Shao-Yuan Li, Yu-Xiang Zheng, Ye Shi, Sheng-Jun Huang, Songcan Chen

Published: 01 Nov 2023, Last Modified: 04 Feb 2024Frontiers of Computer ScienceEveryoneCC BY 4.0

Abstract: Recently, crowdsourcing has established itself as an efficient labeling solution by distributing tasks to crowd workers. As the workers can make mistakes with diverse expertise, one core learning task is to estimate each worker’s expertise, and aggregate over them to infer the latent true labels. In this paper, we show that as one of the major research directions, the noise transition matrix based worker expertise modeling methods commonly overfit the annotation noise, either due to the oversimplified noise assumption or inaccurate estimation. To solve this problem, we propose a knowledge distillation framework (KD-Crowd) by combining the complementary strength of noise-model-free robust learning techniques and transition matrix based worker expertise modeling.
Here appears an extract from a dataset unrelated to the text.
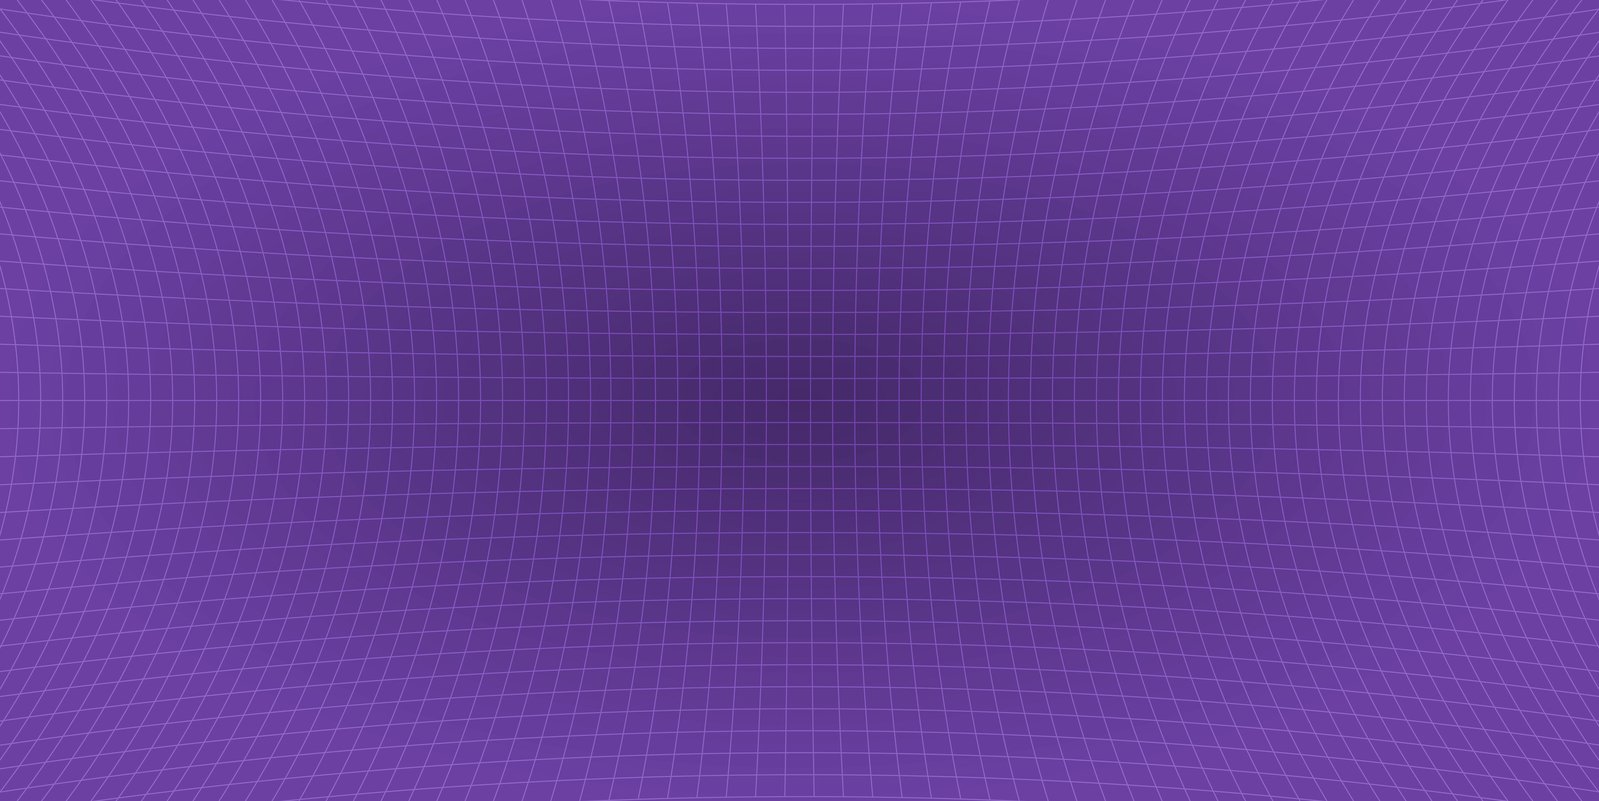 a purple pattern with black dots and lines

The framework consists of two stages: in stage 1, a noise-model-free robust student model is trained by treating the prediction of a transition matrix based crowdsourcing teacher model as noisy labels, aiming at correcting the teacher’s mistakes and obtaining better true label predictions; in stage 2, we switch their roles,retraining a better crowdsourcing model using the crowds’ annotations supervised by the refined true label predictions given by stage 1. Additionally, we propose one f-mutual information gain (MIGf ) based knowledge distillation loss, which finds the maximum information intersection between the student’s and teacher’s prediction. We show in experiments that MIGf achieves obvious improvements compared to the regular KL divergence knowledge distillation loss, which tends to force the student to memorize all information of the teacher’s prediction, including its errors. We conduct extensive experiments showing that, as a universal framework KD-Crowd substantially improves previous crowdsourcing methods on true label prediction and worker expertise estimation.